In addition, compared with a method for generating a directory structure by using a title template, the embodiment of the invention can generate the directory hierarchy structure by using a pre-trained learning model (a first feature extraction sub-model, a second feature extraction sub-model, a title second classification sub-model, a title level second classification model and the like), thereby ensuring the generalization capability of the extraction method of the document directory structure. Especially when a deep learning model is selected, the accuracy of the directory structure identification can be further improved.

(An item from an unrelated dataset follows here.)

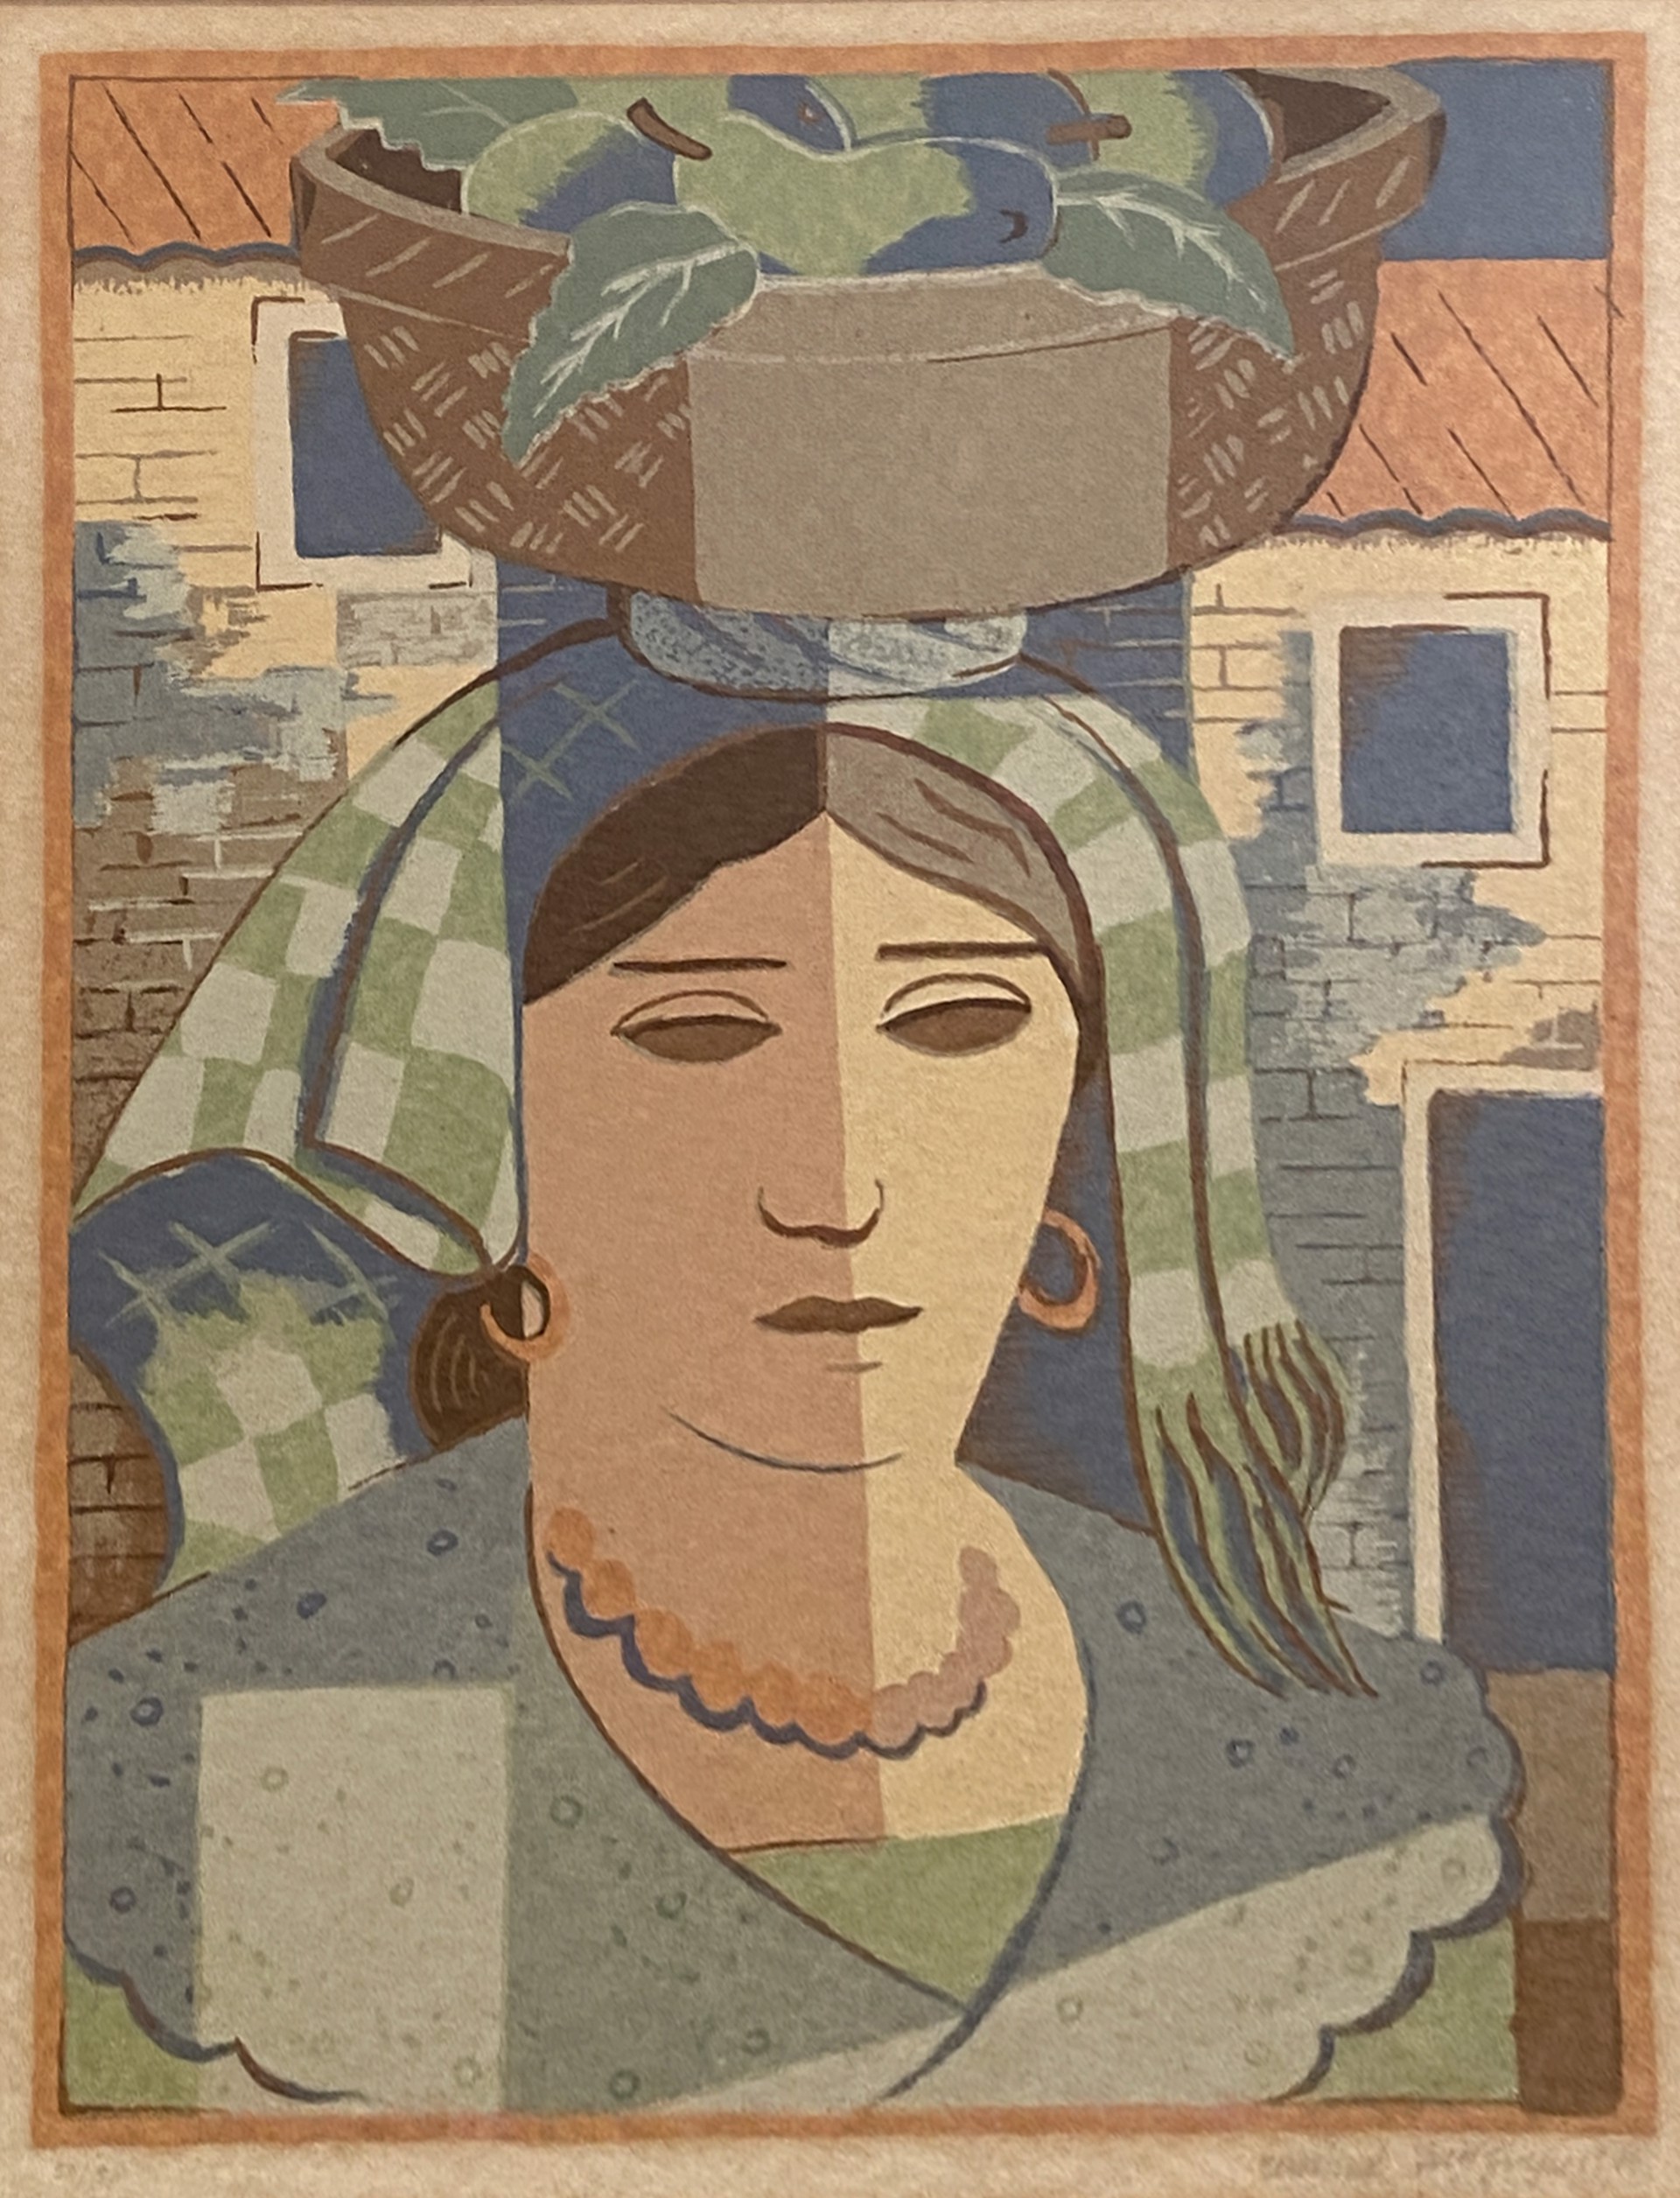 Lady with Basket on Head by Edmund Kinzinger

In some embodiments of the present invention, part or all of the target structure of the document to be processed may be displayed on a display interface of the terminal. For example, if the hierarchical structure of the directory structure is complex, the titles of the first 3 levels can be displayed. The format of the titles at different levels may be different. For example, the number of characters indented before the segment is different, or the font size is different, etc. The format of the titles of different levels can be set according to specific needs, and is not limited to this.

In addition, in order to facilitate the indexing of the document to be processed, when the trigger operation is executed on the title component on the terminal, the user can directly jump to the page where the title component is located.

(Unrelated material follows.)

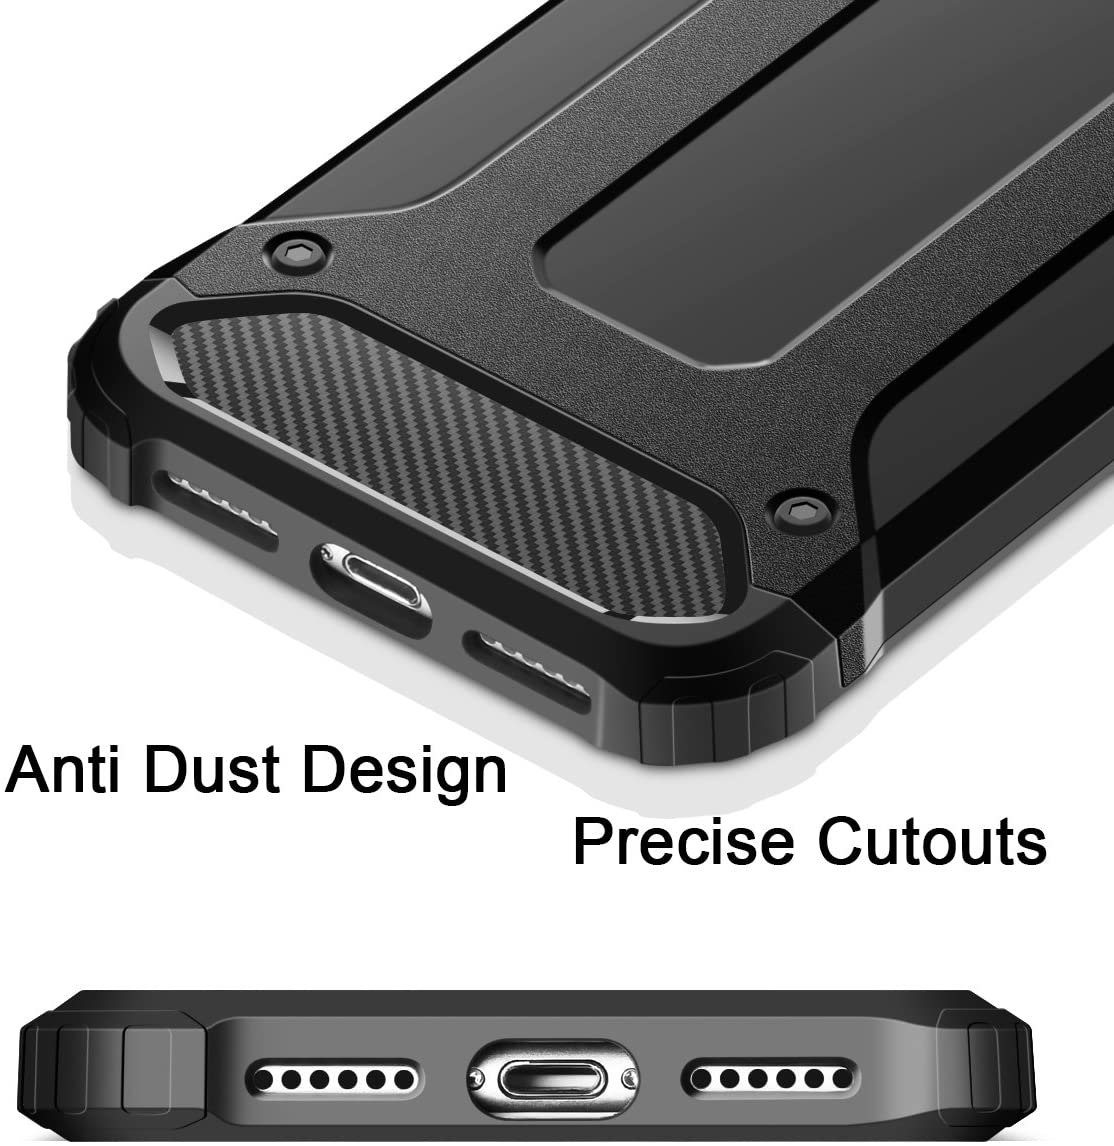 Apple iPhone 7 Case, Rugged Tough Dual Layer Armor Case Black

An apparatus according to an embodiment of the present invention will be described in detail below with reference to the accompanying drawings.

Based on the same inventive concept, the embodiment of the invention provides an extracting device of a document directory structure. Fig. 5 is a structural schematic diagram showing an extracting apparatus of a document directory structure according to an embodiment of the present invention. As shown in fig. 5, the apparatus 500 for extracting a document directory structure includes a title sequence acquiring module 510, a logical tree building module 520, and a target structure generating module 530.

The title sequence acquiring module 510 is configured to acquire an ordered sequence of title components of the document to be processed.

And a logical tree building module 520, configured to build the title logical tree based on the hierarchical relationship between the title components in the ordered sequence of the title components.

And the target structure generating module 530 is configured to generate a directory structure of the document to be processed according to the title logic tree.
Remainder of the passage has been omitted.